Perhaps the best part of the entire song is the bridge: “And so maybe my home isn’t what I had known / What I thought it would be / But I feel so alive with these phantoms of night / And I know that this life isn’t safe, but it’s wild and free.” Not only is this representative of an emotional catharsis in a strikingly poignant way, but it is also executed excellently by Swift, who encapsulates everything that a musical ballad should be. If the song begins weakly, almost whispered, it ends with a tour de force finish.

“Beautiful Ghosts” falls short in many ways, but it isn’t unpleasant to listen to.

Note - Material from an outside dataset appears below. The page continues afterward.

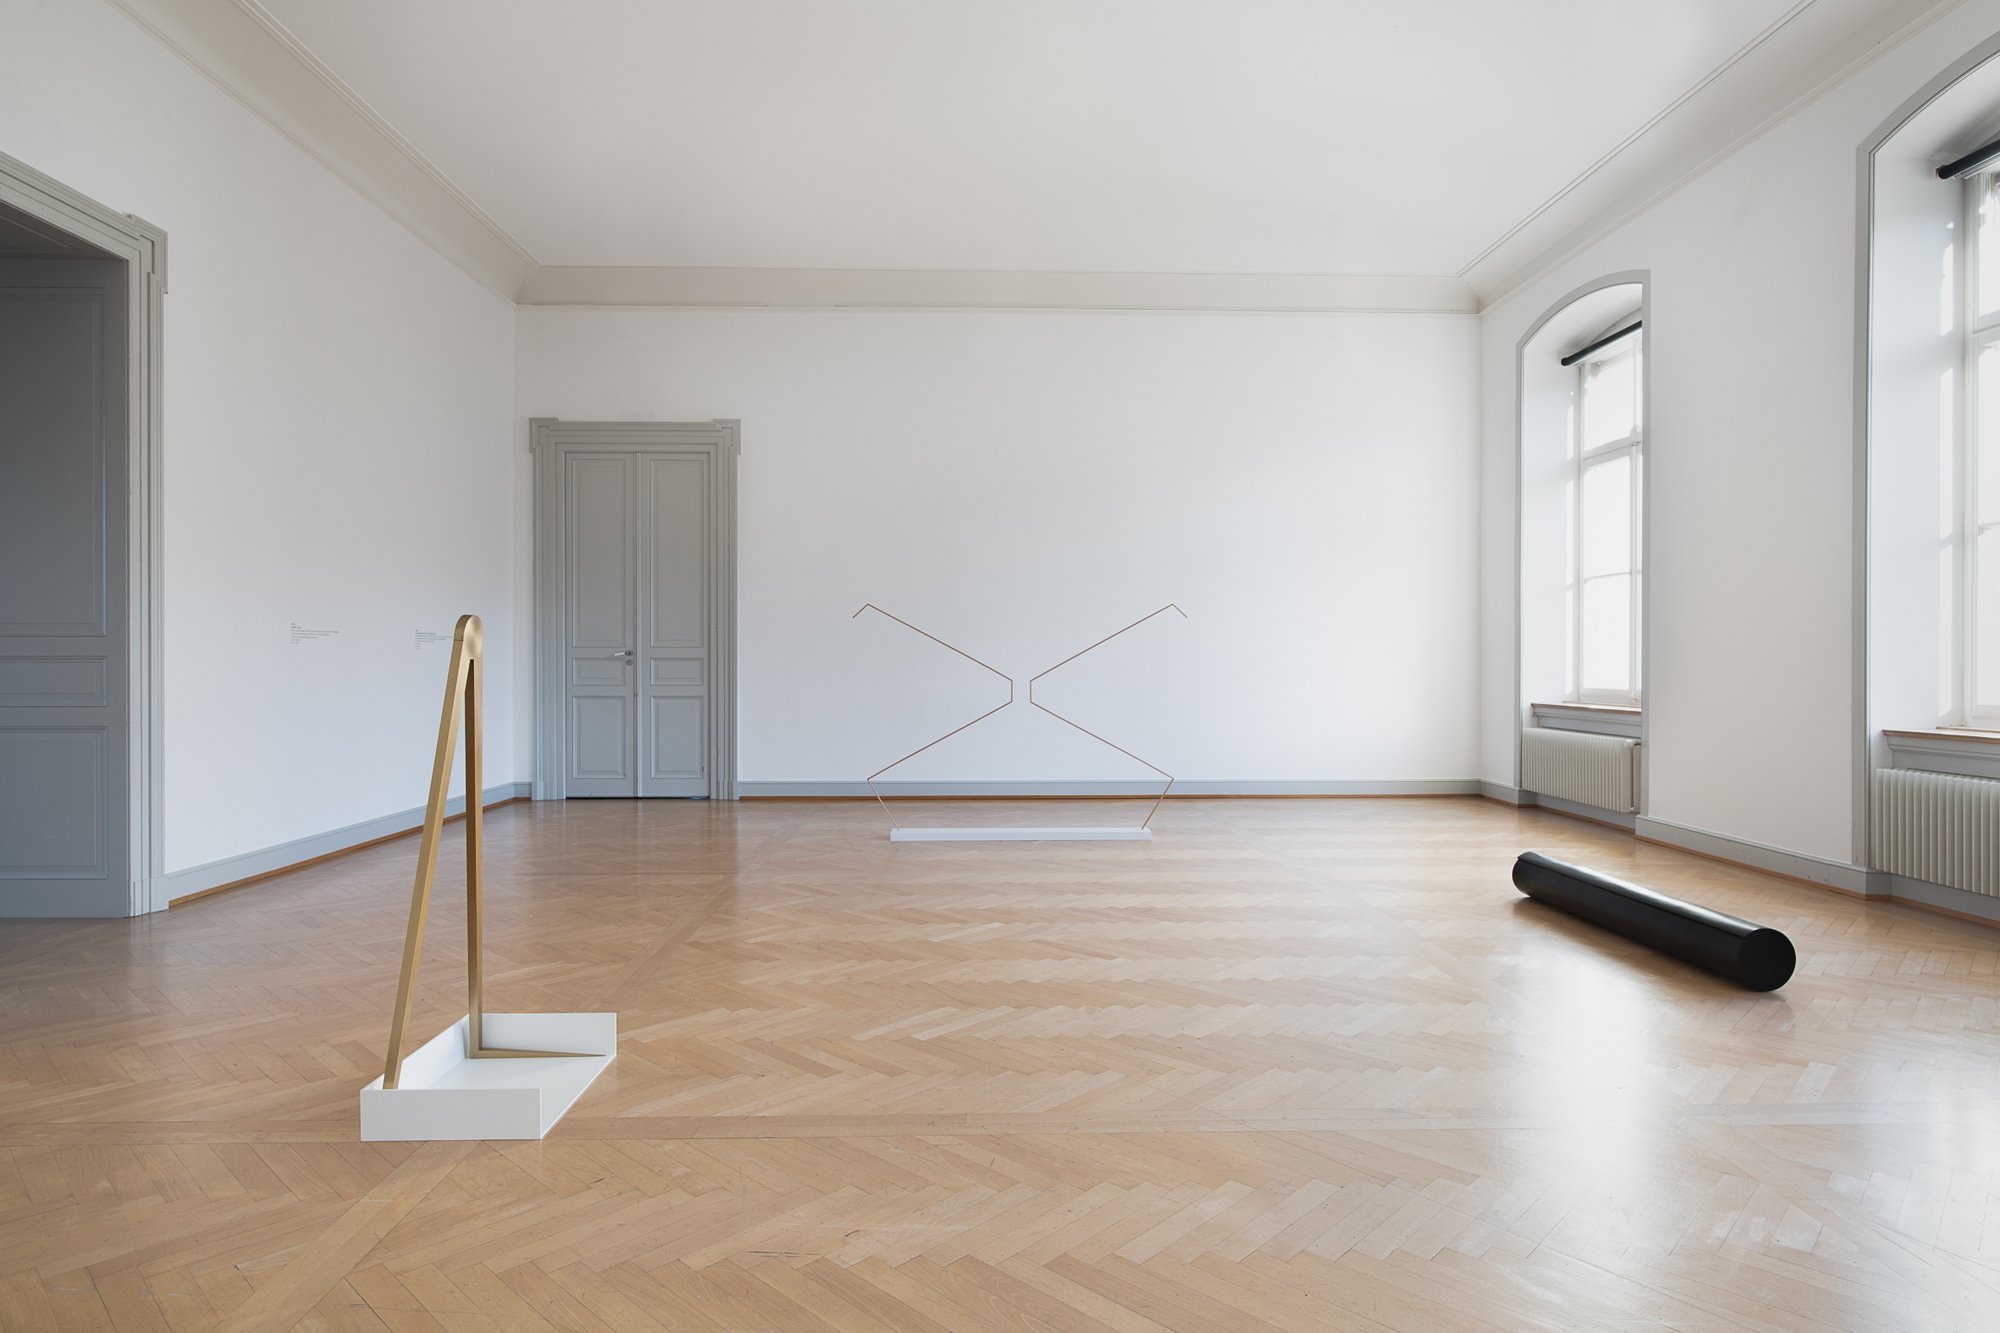 Installation view, Iman Issa, Surrogates, Kunstmuseum St. Gallen, St. Gallen, 2019

It’s the kind of song to be switched on after a particularly bad breakup or a fight with a best friend. Certainly, it has a superficial sadness to it, but it also ends on a piqued, bittersweet note — it’s a bildungsroman novel in a song, a coming-of-age realization that one is no longer the person that one used to be. There is a clear demarcation between what is, what was, and what will come to be.